The rush to complete buy-to-let purchases before April has driven mortgage approvals to a two-year high, property experts say.
The number of loan approvals hit 74,581 in January, up from the average of 70,221 over the previous six months.
The number of approvals for remortgaging was 42,228, up from 40,306 over the last six months, according to yesterday's Bank of England Money and Credit figures.
Richard Sexton, director of chartered surveyor e.surv, said a “buy-to-let blitz” has lifted house purchase approvals to a two-year high.
“Landlords only have a few months left before the tax changes in April, when more punitive stamp duty charges on new purchases will come into play.
“We are seeing a last-minute lift in lending as landlords push through their purchases before this deadline."

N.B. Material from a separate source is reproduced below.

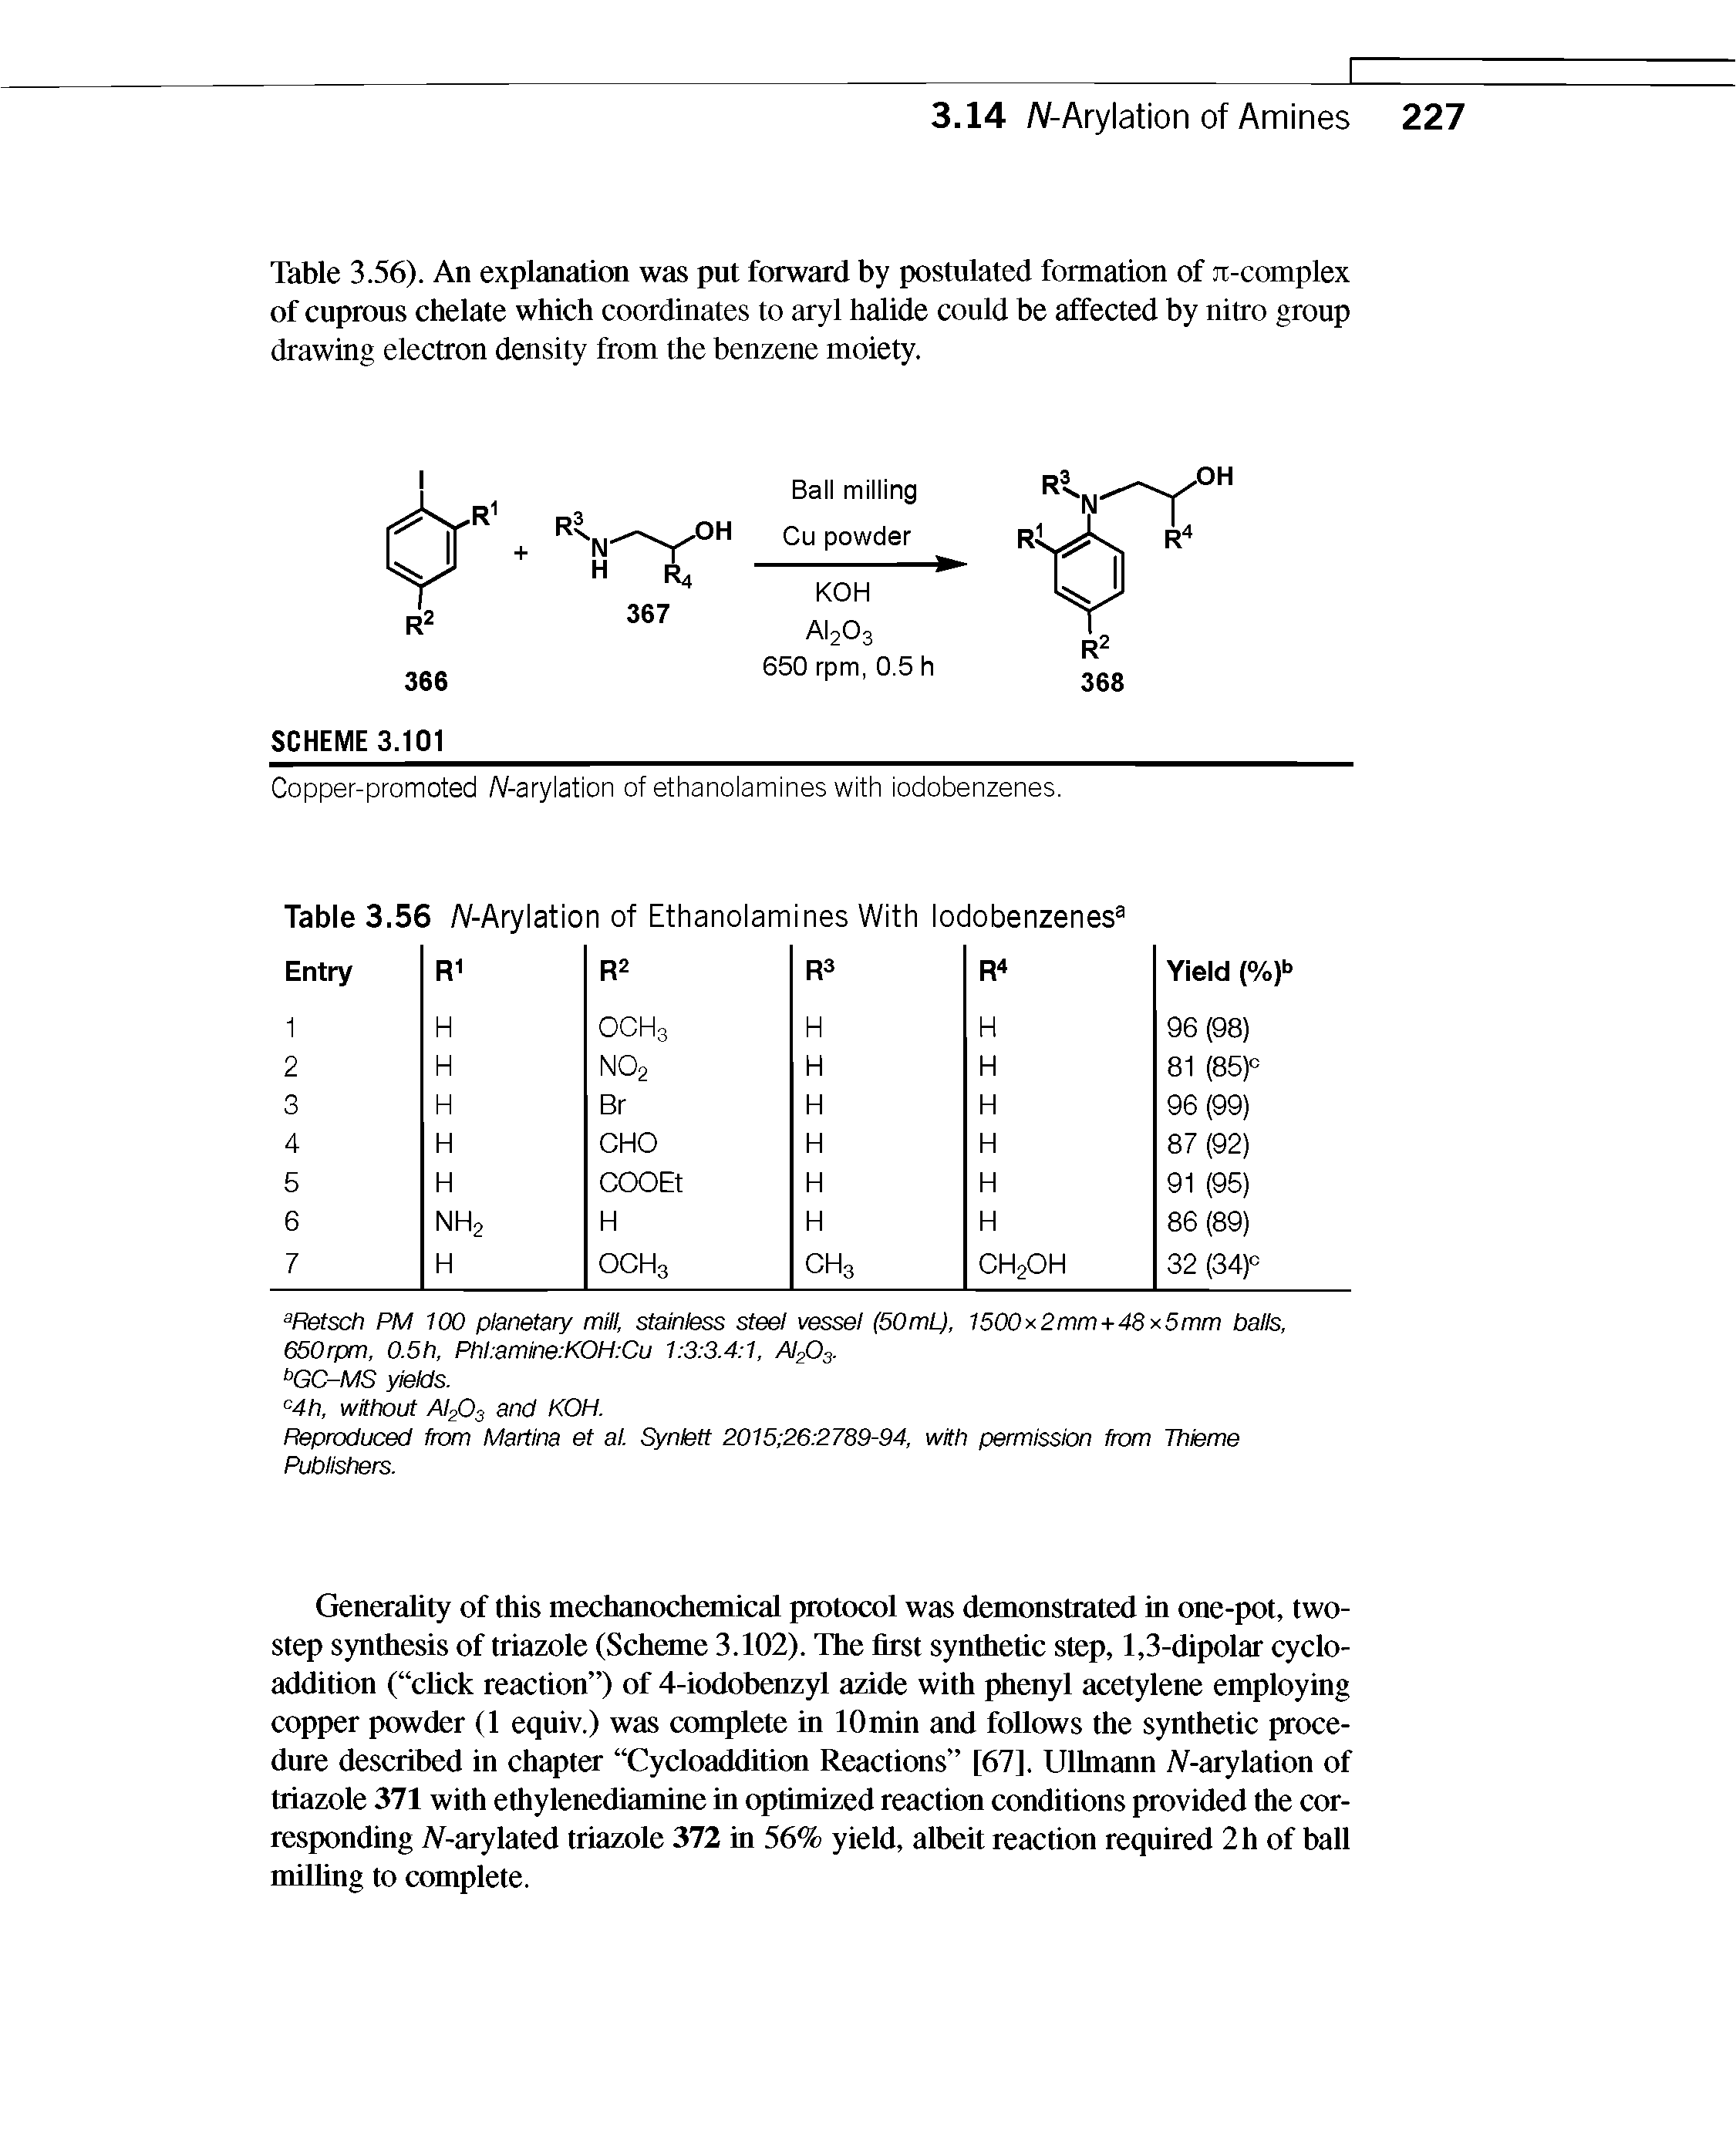 Table 3.56). An explanation was put forward by postulated formation of Ji-complex of cuprous chelate which coordinates to aryl halide could be affected by nitro group drawing electron density from the benzene moiety.

Sexton said above inflation wage growth on record low mortgage rates is also underpinning strong core mortgage lending.
He said that foreign demand could revive if sterling falls further in the run-up to the Brexit referendum.
"Overseas investors may be re-encouraged to buy into Britain’s ‘safe-haven’ property market, which could add a further element of competition to an already crowded market.”
Stephen Smith, director, Legal & General Housing Partnerships, said that demand for home ownership is still rising in what looks to be a strong start to 2016.
“Remortgaging has also seen a relative increase for the second month in a row, with more homeowners taking advantage of the competitive deals on offer."
Smith warned that strong house price growth will have a long-term "negative” effect on the housing market with many first-time buyers now priced out.
Steve Griffiths, head of sales and distribution at Kensington, said the strong figures point towards a "new normal" for the mortgage sector.
“While it is good to see more people securing the mortgages they need, we need to make sure that this growth is not just limited to individuals who tick the boxes of high-street lenders’ standard mortgage applications.